Synaptic Rimosso da Oneiric in favore di Software Center

andreaz
24 giu 2011

Tra i vari comunicati che riguardano la prossima versione di Ubuntu 11.10, spunta la proposta di rimozione del gestore dei pacchetti Synaptic in favore di Ubuntu Software Center.. creando molti dubbi.

In poche parole è giunta l’ora anche per Synaptic ed era quasi prevedibile. Rimosso come installazione predefinita in Ubuntu 11.10 ma presente nei repositories online sarà installabile in un secondo tempo. Questa è la sorte per Synaptic che ha fatto la storia del desktop Linux (almeno con Debian) e che facilita la vita di chi ha bisogno di uno strumento avanzato per la gestione dei pacchetti.

A giudicare dal gran parlare intorno a Ubuntu Software Center e alle modifiche previste per Oneiric, la presenza di Synaptic era quasi controproducente per un’azienda che sta puntando tantissimo sul proprio “App Store” e che vuole anche veicolare le vendite del software tramite di esso.

Ciò non toglie che ci siano tante perplessità anche per il semplice fatto che Ubuntu Software Center non offre moltissime delle funzioni di Synpatic. I più speranzosi vorranno infatti credere che le funzioni mancanti, dopo la rimozione di Synaptic, saranno poi re-implementate nel Software Center. Realtà o semplice utopia? Stiamo a vedere..

Nel frattempo al link seguente trovi un confronto diretto tra Synaptic e Ubuntu Software Center per capire cosa manca ancora @ wiki.ubuntu.com


Articoli Molto Simili:

  • DPY

    Non credo che SC implementerà tutte le funzioni di Synaptic, visto che molte di queste sono complesse e fuori della portata dell’utente medio. L’utente abituato a Synaptic, o che abbia bisogno di funzionalità aggiuntive, dovrà sapere che deve scaricarlo dal repository.

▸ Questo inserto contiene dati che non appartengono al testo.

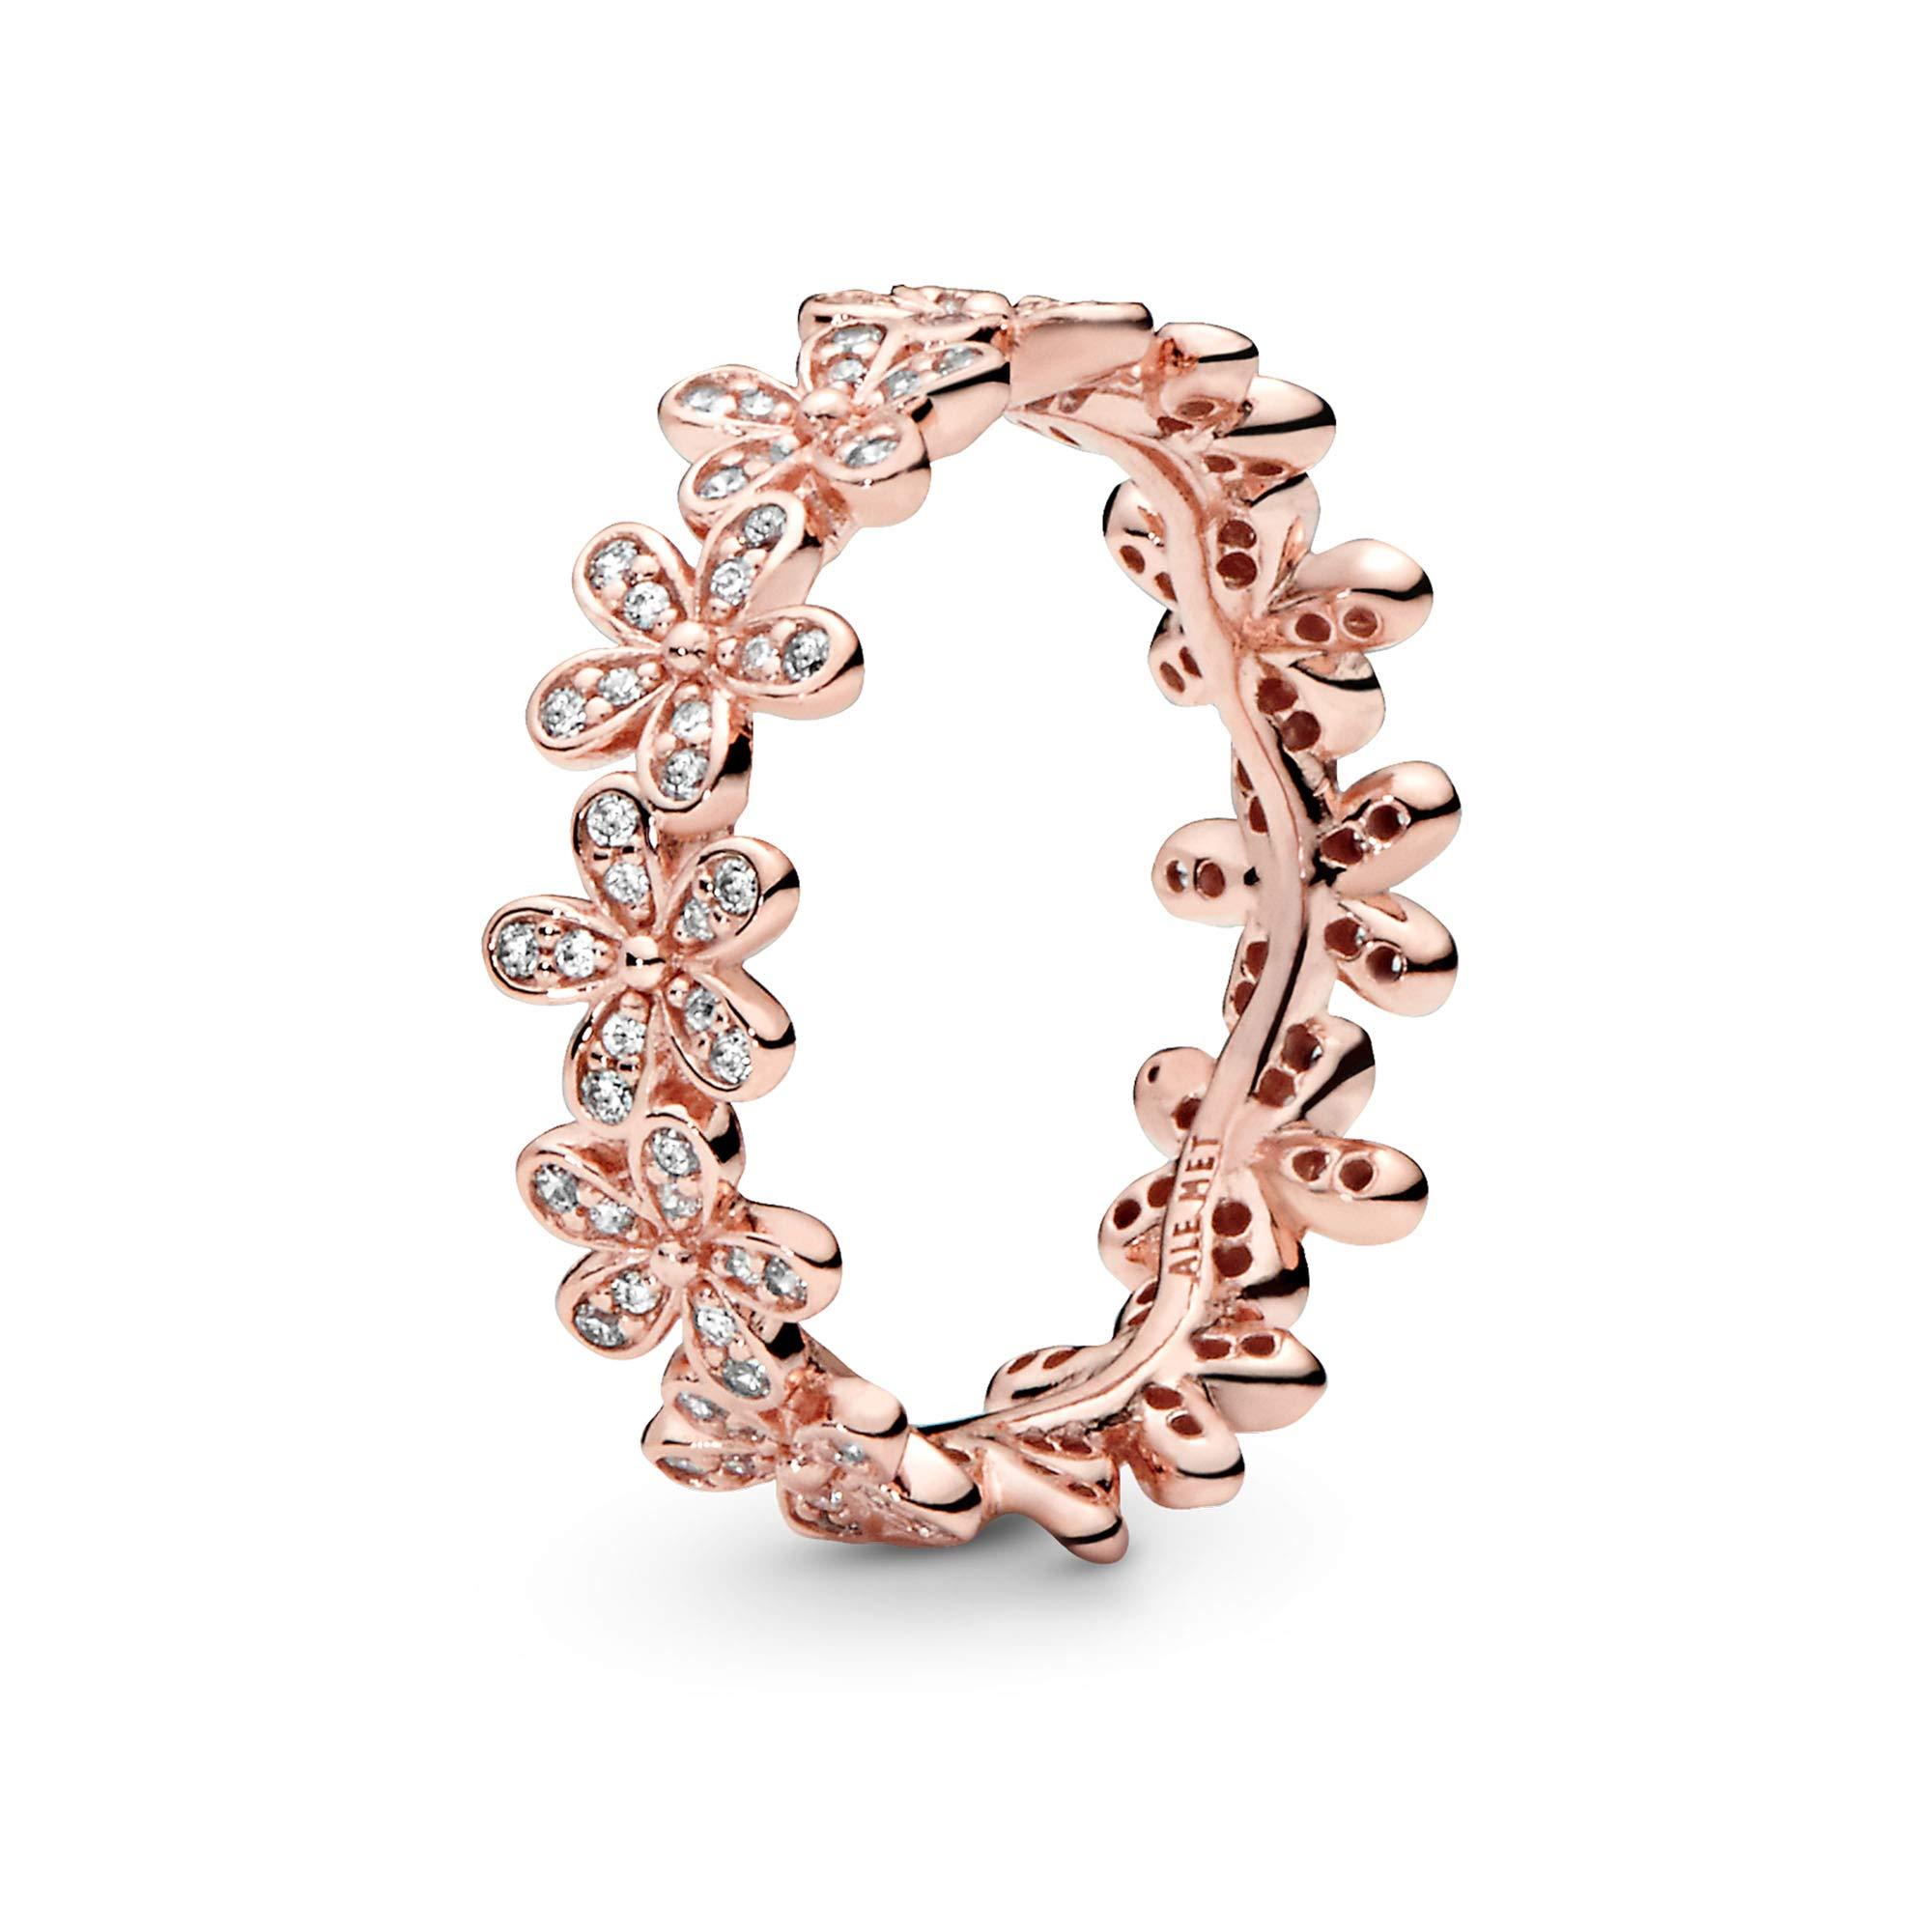 Pandora Jewelry Daisy Flower Cubic Zirconia Ring in Pandora Rose, Size 6

  • http://www.ubuntu-linux.it Andrea Zorzetto

    Inutile illudersi questa è la dura verità.
    E in tutti i casi per le cose più veloci rimangono sempre apt-get e dpkg..

  • Luca Toma

    A mio avviso la maggior parte degli utenti lo reinstallerà, il software center è comodo ma inutile per installare o disinstallare dei mirati pacchetti.
    Sarebbe bene che ubuntu tornasse a essere quello che era, si sta perdendo molto a mio avviso…

  • DPY

    Non vedo perché: per passare a Linux è necessario che la curva di apprendimento sia meno ripida possibile, quindi ci vuole una distribuzione che parta dal concetto che l’utente è un bimbominchia abituato a Windows. L’importante è che chi bimbominchia non è sappia che può riavere una distribuzione a sua misura con un paio di opzioni in sede di installazione o, mal che vada, qualche colpo di apt-get. Se così non è, c’è sempre Debian o, per chi vuol farsi male, Slackware.

  • http://www.ubuntu-linux.it Andrea Zorzetto

    A mio avviso tante cose si imparano “smanettando” soprattutto per i ragazzi. Avere uno strumento “sconosciuto” a disposizione può spingere un utente inesperto a provarlo e poi a cercare di capire il funzionamento dell’apt-get.
    L’utente esperto invece potrebbe nella maggior parte dei casi fare a meno di Synaptic.